FIG. 2 is a sectional view taken along line 2-2 of FIG.

[Explanation of symbols]

 26, 28 Diaphragm 64 Guide frame 66, 68 Piston rod 84, 86 Linear guide 88 Guide block 94 Crank shaft 102 Crank pin

──────────────────────────────────────────────────続 き Continuation of the front page (56) References JP-A-6-101632 (JP, A) West German Patent Application Publication 3141667 (DE, A1) "New Edition of Machine Elements", 7th edition, Science and Engineering, 1973 11.10, p31 (58) Fields investigated (Int. Cl. ⁷ , DB name) F04B 43/02

Claims (9)

(57) [Claims] A flexible diaphragm (26, 28) disposed in a discharge space and mechanically connected to a piston rod (66, 68), said discharge space being connected to a suction manifold and a pressure via a check valve. Connected to a manifold, each diaphragm (26, 28) is connected to a piston rod (66, 68), said piston rods (66, 68) extending concentrically and forming a guide frame (64).
And the guide frame (64) is provided with at least one linear guide (8) for a slide block (88) on which a crankpin (102) of a crankshaft (94) is rotatably mounted.
(4,86), comprising:
The guide frame (64) has two linear guides (84, 86) for the slide block (88), the guide frame (64) is housed in a closed housing (10) and the piston (64) Rod (6
6, 68) is a double diaphragm pump characterized in that it is slidably mounted in a plastic sleeve (74) of the housing (10). 2. The linear guide comprises a round rod (84,
86), wherein said slide block (88) has a corresponding guide bore (90, 92). 3. The double diaphragm pump according to claim 1, wherein a plastic sleeve (90, 92) is provided in a guide inner hole of the slide block (88). 4. The closed housing (10) has a lateral extension (12) for accommodating a bearing (91, 93) of a crankshaft (94). A double diaphragm pump according to the above. 5. A diaphragm according to claim 1, wherein said diaphragm is substantially spherical cap-shaped.
The double diaphragm pump according to any one of the above. 6. Each said piston rod (66, 68) is connected to a plate (76, 78) vulcanized and hardened in said diaphragm (26, 28), and said each said diaphragm (26, 28) is connected to said plate.
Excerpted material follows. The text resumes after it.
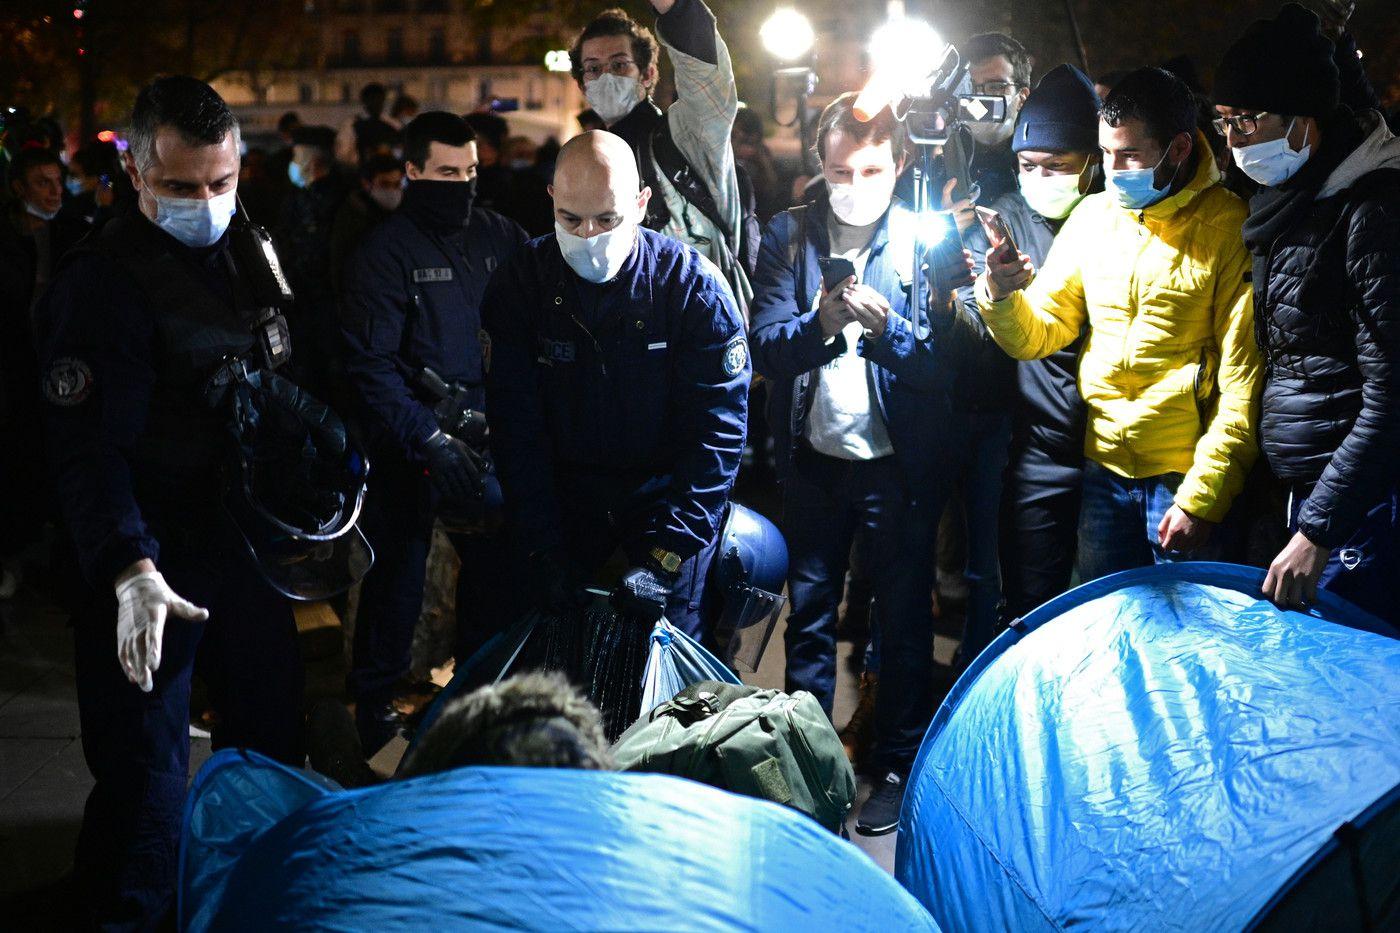 Lors de l'évacuation du campement de migrants sur la place de la République, à Paris, dans la soirée de lundi 23 novembre. MARTIN BUREAU/AFP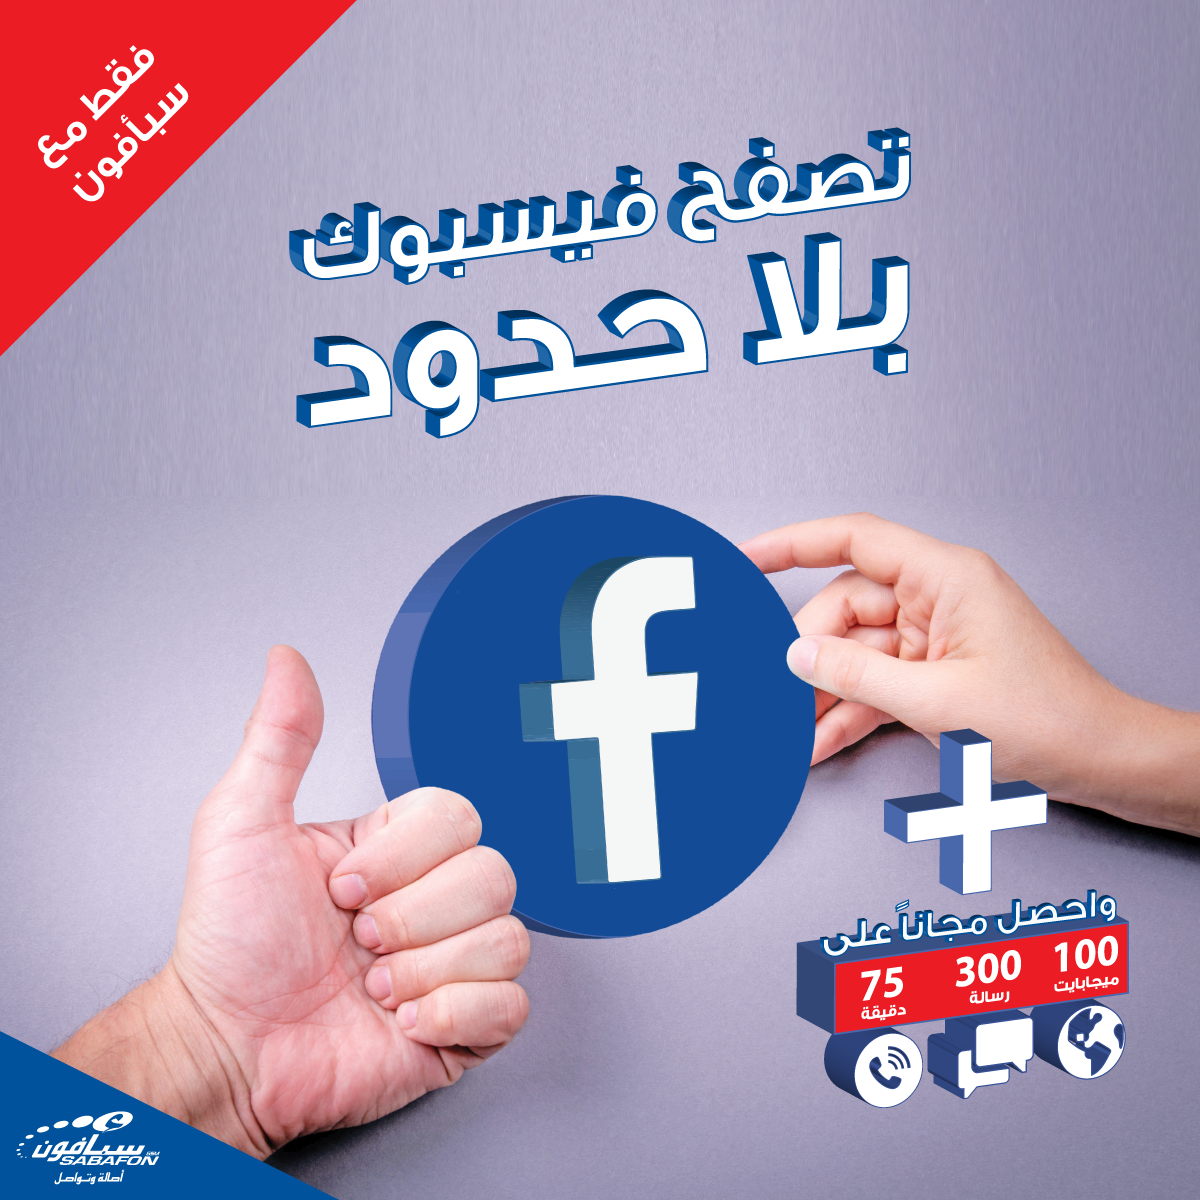 فيسبوك بلاس فيسبوك بلاس باقة جديدة من سبأفون تحتوي على مزايا مجانية فيسبوك لامحدود بالإضافة إلى دقائق وانترنت ورسائل إلى Allianz Logo Business Calm Artwork

A dual diaphragm pump according to any one of claims 1 to 5, characterized in that it is fixed between (76, 78) and a disc (80, 82) mounted on each piston rod (66, 68). 7. A communication line (6) is provided on the opposite side of the discharge space (34, 36) to the diaphragm (26, 28).
The double diaphragm pump according to any one of claims 1 to 6, wherein the multiple diaphragm pumps communicate with each other via (2). 8. The compound according to claim 1, wherein an opposite side of the discharge space (34, 36) with respect to the diaphragm is monitored by a pressure sensor or another detector. Diaphragm pump. 9. The housing (10) has a flange (1).
4,16) and the flange (1
4 and 16) are connected to the housing (10) by spherical wall portions (18 and 20).
The double diaphragm pump according to any one of claims 1 to 8, wherein a stroke of the diaphragm (8, 20) limits a stroke of the diaphragm (26, 28).